Добавить в цитаты Настройки чтения

Страница 3 из 5



Эту тяжелую, я бы сказал, неистребимую отвертку Иоахим Мальке изо дня в день носил на шее больше года, даже когда мы уже не плавали на свою лодчонку или плавали лишь изредка. Он сделал из нее своего рода культ — хотя или как раз потому, что он был католик. Перед уроком гимнастики, например, отдавал ее учителю Малленбрандту на хранение — видно, боялся воров — и таскал ее с собой даже в церковь. А Мальке не только по воскресеньям, но и в будни, еще до начала занятий, ходил к ранней обедне в церковь на Военно-морской дороге, пониже кооперативного поселка Новая Шотландия.
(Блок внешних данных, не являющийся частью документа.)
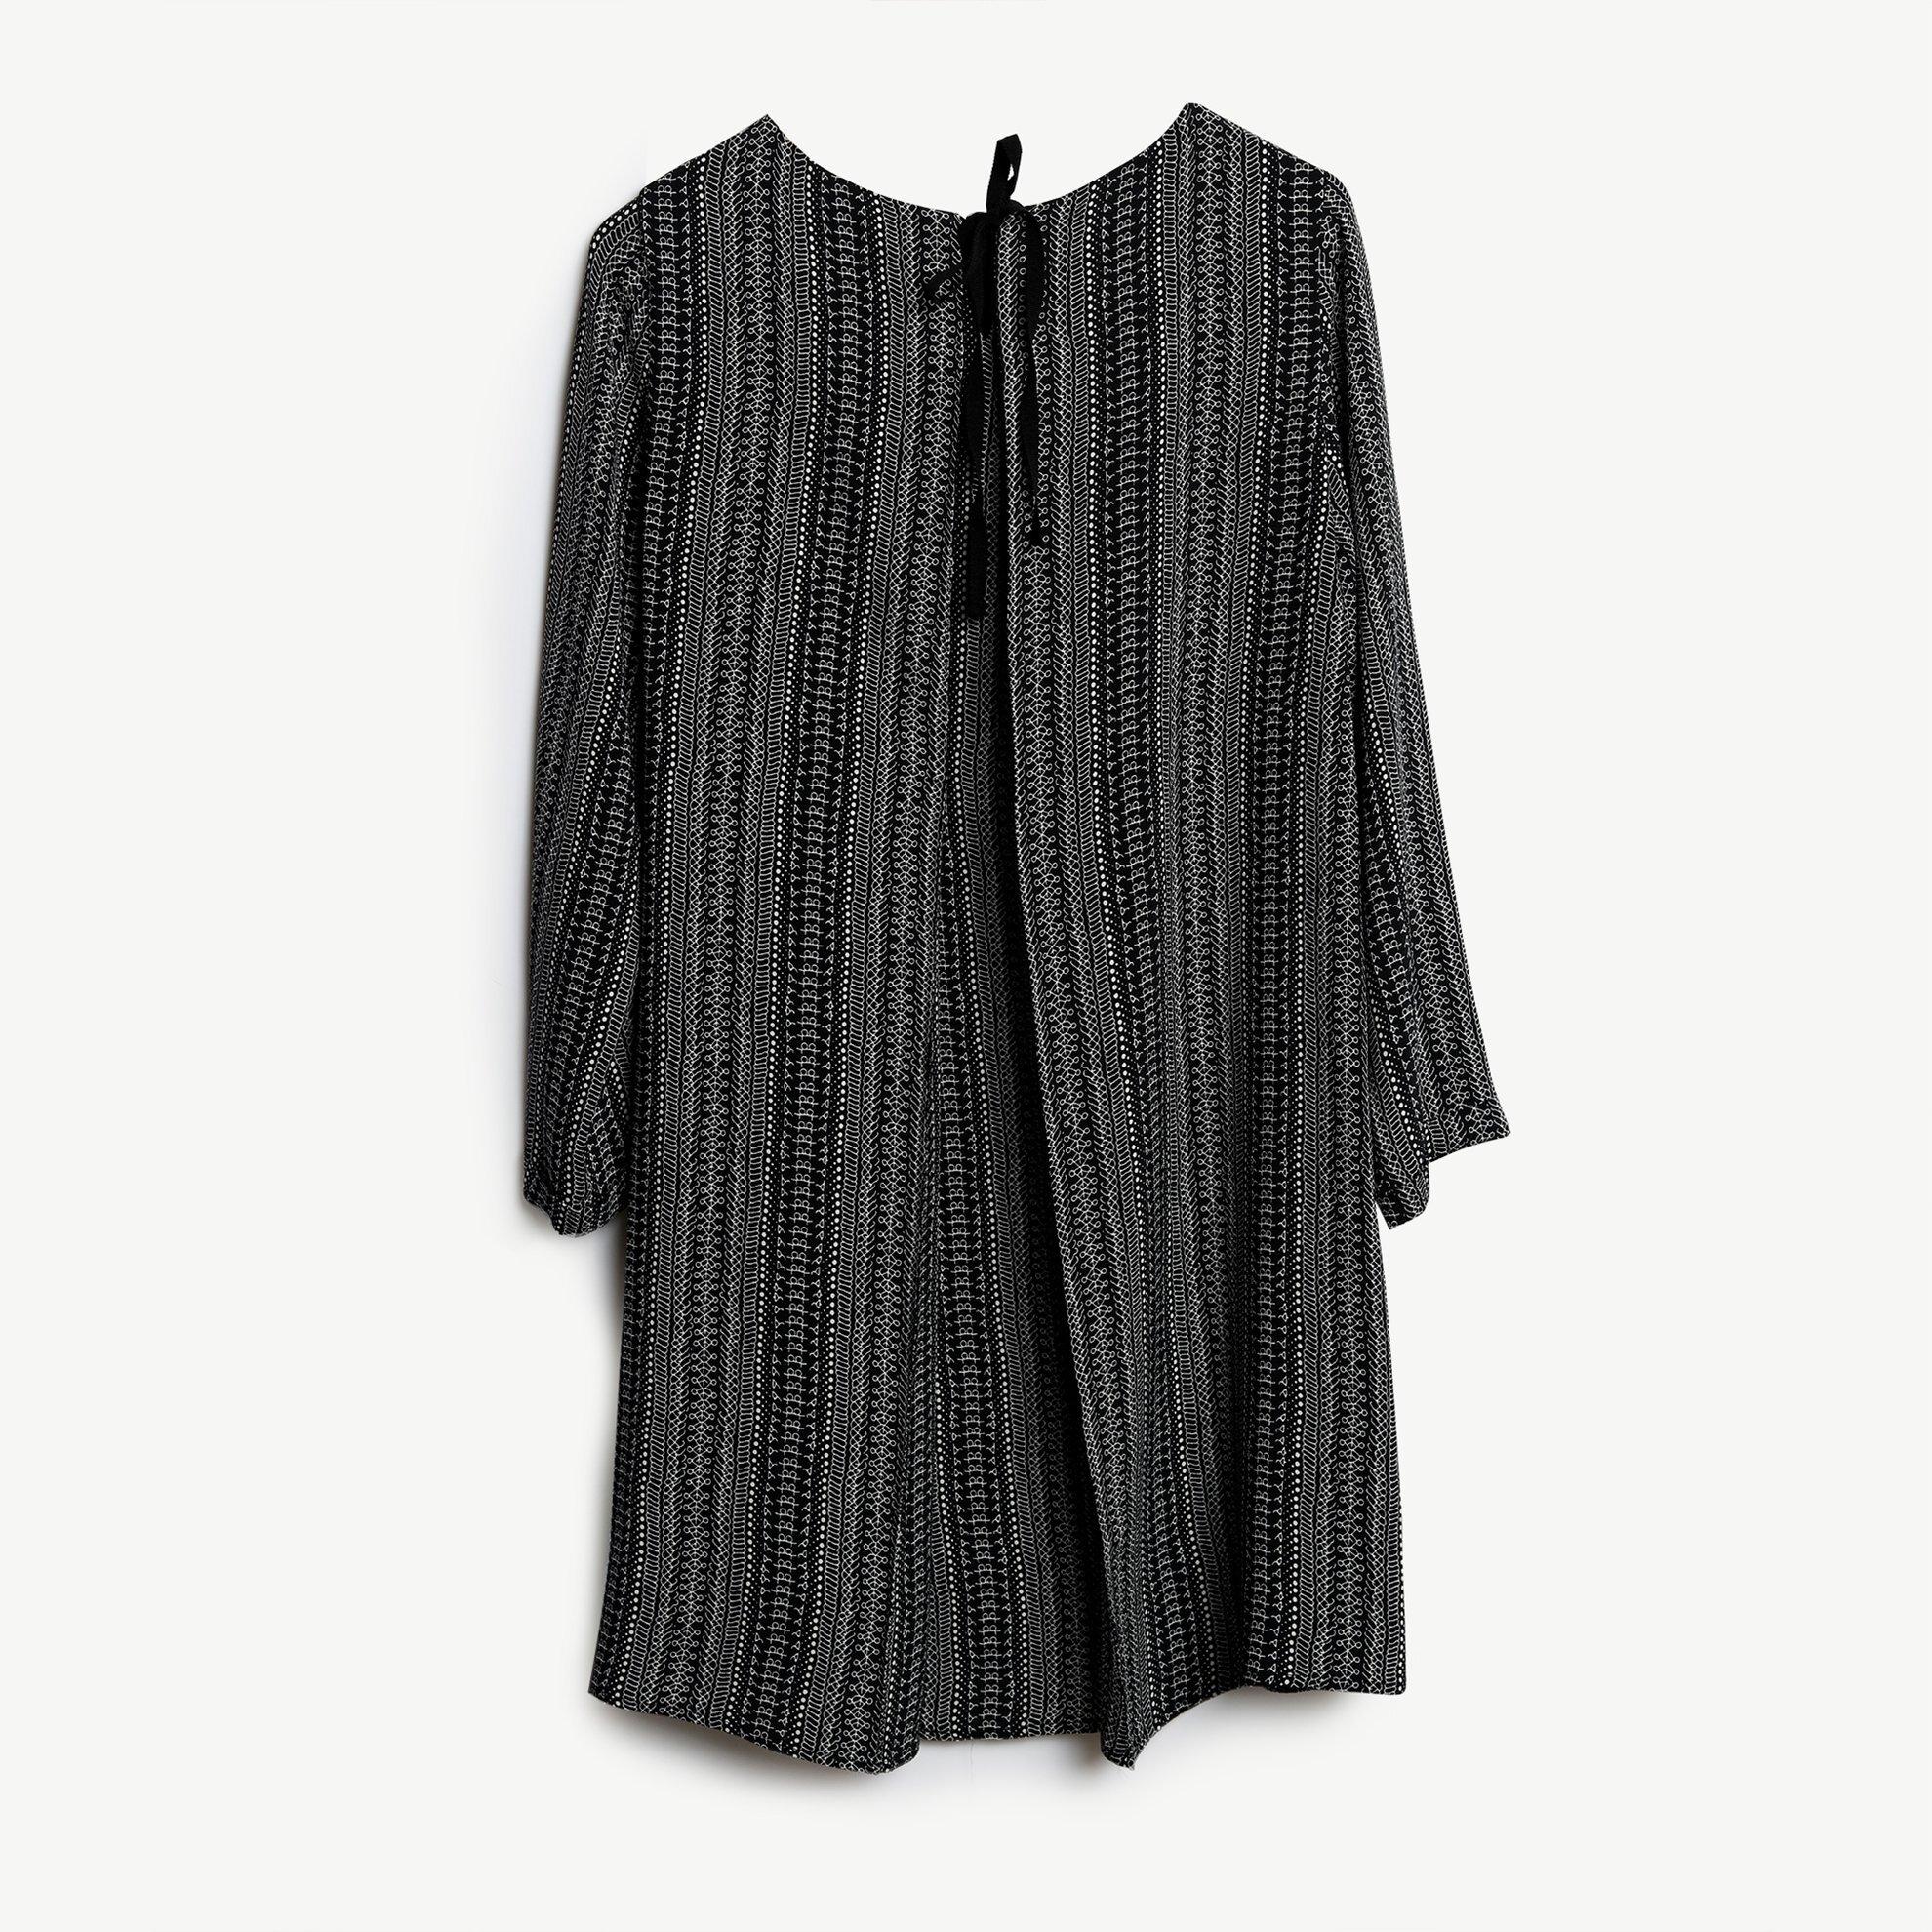 Aline Bow Detailed Dress

Ему, с его английской отверткой, до церкви Девы Марии было недалеко: пройти по Остерцейле и спуститься вниз до Беренвег. Множество двухэтажных домишек, а также виллы с двускатными крышами, с колоннами и шпалерными плодовыми деревьями. За ними — два ряда домов, расцвеченных или не расцвеченных водяными затеками. Справа — трамвайная линия делала поворот, его повторяли провода, подвешенные под обычно хмурым небом, слева — худосочные песчаные огородики железнодорожников, дачки и сарайчики для кроликов из черно-красной деревянной обшивки списанных товарных вагонов. За ними — сигнальные установки путей, ведущих в открытую гавань. Силосные башни, краны, двигающиеся или застывшие. И неожиданно красочные надстройки грузовых судов. Рядом — два серых линейных корабля со старомодными башнями, плавучий док, хлебозавод «Германия»; и на небольшой высоте — несколько чуть покачивающихся привязных аэростатов, наевших серебристое брюхо. Зато по правую руку, перед бывшей школой имени Елены Ланге, ныне школой Гудрун, заслоняющей железный хаос верфей и основание большого крана с горизонтальной стрелой, — ухоженные спортплощадки, свежепокрашенные ворота, белые линии штрафных полей, прочерченные на коротко подстриженном газоне, — в воскресенье желто-голубые будут играть против «Шельмюль-98», — никаких трибун, но вполне современный высокооконный и светлый гимнастический зал, ярко-красную крышу которого странным образом оседлал просмоленный деревянный крест. Дело в том, что церковь Девы Марии пришлось соорудить в бывшем гимнастическом зале спортивного общества «Новая Шотландия», так как церковь Сердца Христова находилась слишком далеко и обитатели Новой Шотландии, Шельмюля и поселка между Остер- и Вестерцейле годами слали ходатайства в епископат в Оливе, покуда там наконец не решились купить гимнастический зал, перестроить и освятить его.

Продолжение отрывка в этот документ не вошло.